Generate and save recovery plot image.

Parameters
  • recovery_results – dict that maps top ratio to the recovery ratio numpy array.

  • fname – path of the saved image.

schrodinger.active_learning.al_report.make_regress_recovery_plots(y_true: numpy.ndarray, y_pred_uncertain: numpy.ndarray, top_ratio_samples: List, regress_text: str, recovery_text: str)

Generate regression plot and recovery plot and include both in a table. Also return the recovery results for the sampled top ratios as a dict.

schrodinger.active_learning.al_report.make_recovery_table(recovery_results: Dict, screen_ratio_samples: List) List

Generate a list of list that contains the recovery ratio for certain top ratio and screen ratio.

Parameters
  • recovery_results – dict that maps top ratio to the recovery ratio numpy array.

  • screen_ratio_samples – list of screen ratios

Returns

table as a list of list, table caption, largest enrichment in the table.

schrodinger.active_learning.al_report.get_conclusion_string(best_enrichment: float, job_type: str, high_enrich: int = 10, low_enrich: int = 2) str

Return the conclusion string based on the job type and the higheest enrichment we have in the recovery ratio table.
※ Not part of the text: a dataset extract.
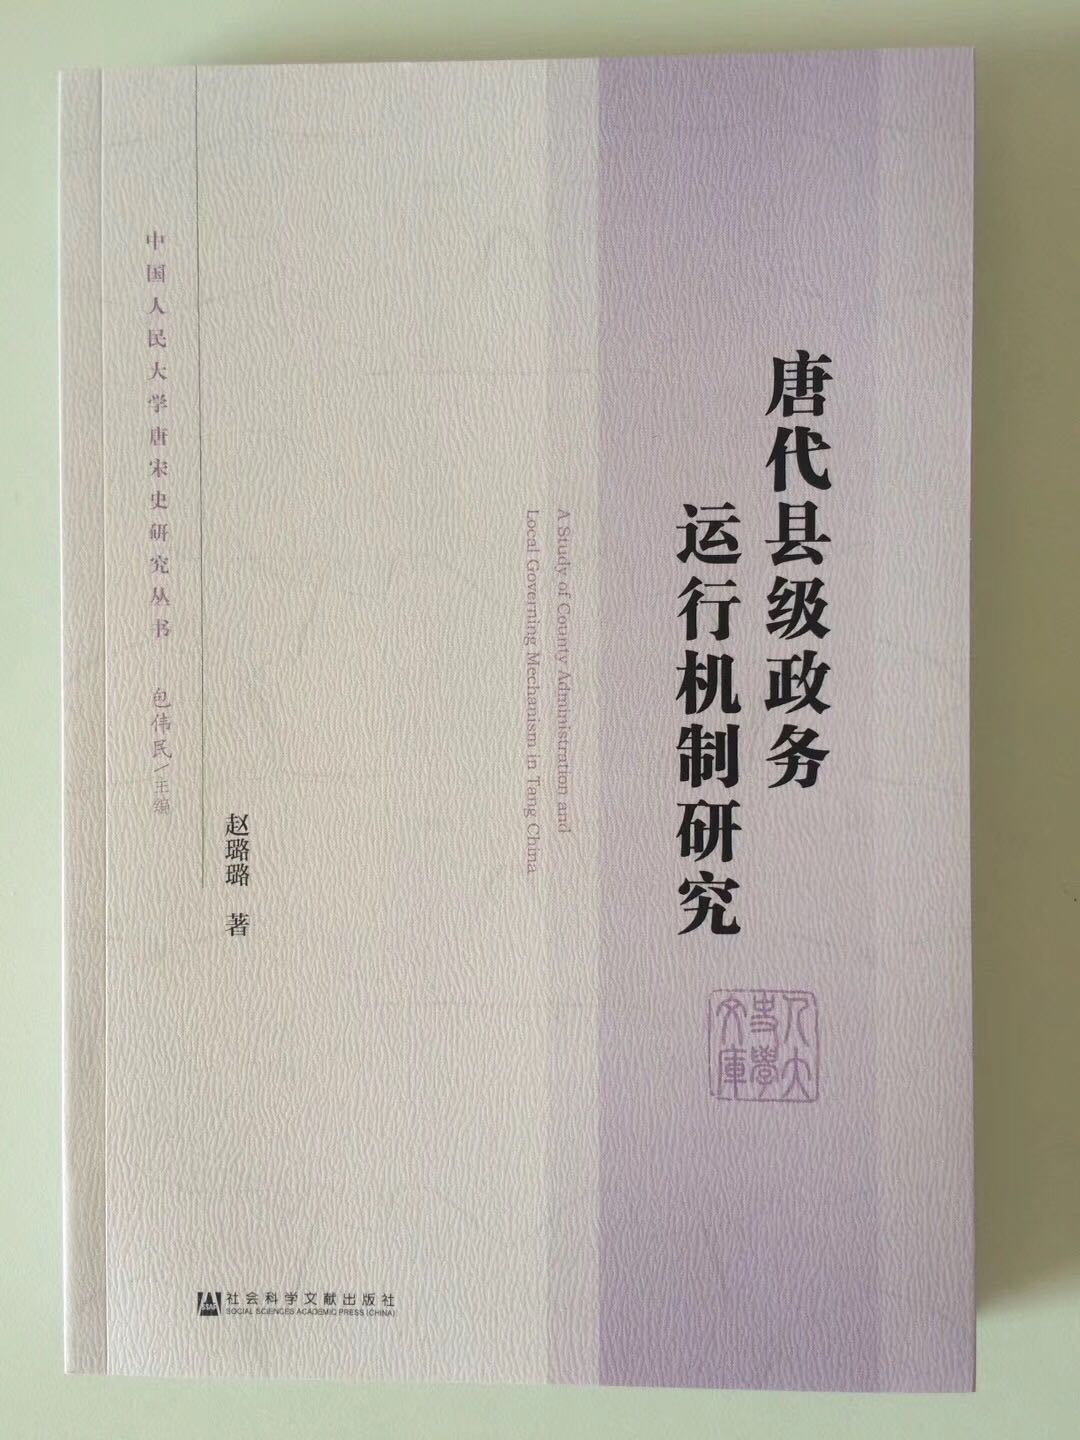 作者是张国刚先生的博士，选题不错，买来看看。

schrodinger.active_learning.al_report.make_scaffold_report(smiles: List, counts: List, report_file: str, max_occuring_count: int = 5)

Makes a report containing counts and structure of the five most occuring scaffolds in the input lists of smiles and counts. Saves the report in the path specified by the report_file. One may get n most occuring scaffolds by changing the parameter ‘max_occuring_count’.

Parameters
  • smiles – list of smiles.

  • counts – list of counts corresponding to the smiles.

  • report_file – path of the output report file.

  • max_occuring_count – number of top scaffolds to keep in the report.

class schrodinger.active_learning.al_report.ALReportMaker(active_learning_job)

Bases: object

Base class for different types of AL report maker.

__init__(active_learning_job)

Initialize the report maker for an active learning job

initReport(header: str)

Initialize the report and add header information

class schrodinger.active_learning.al_report.ALPilotReportMaker(active_learning_job)

Bases: schrodinger.active_learning.al_report.ALReportMaker

__init__(active_learning_job)

Initialize the report maker for an active learning job

report()

Function for building the report

addRunDetail()

Add job specifications and running time cost information to the report

addRecoveryResults()

Add the regression plot, recovery plot, recovery table and conclusion to the report.

class schrodinger.active_learning.al_report.ALScreenReportMaker(active_learning_job)

Bases: schrodinger.active_learning.al_report.ALReportMaker

__init__(active_learning_job)

Initialize the report maker for an active learning job

report()

Function for building the report

addRunDetail()

Add job specifications and running time cost information to the report

addRecoveryResults()

Add the regression plot, recovery plot, recovery table and conclusion to the report.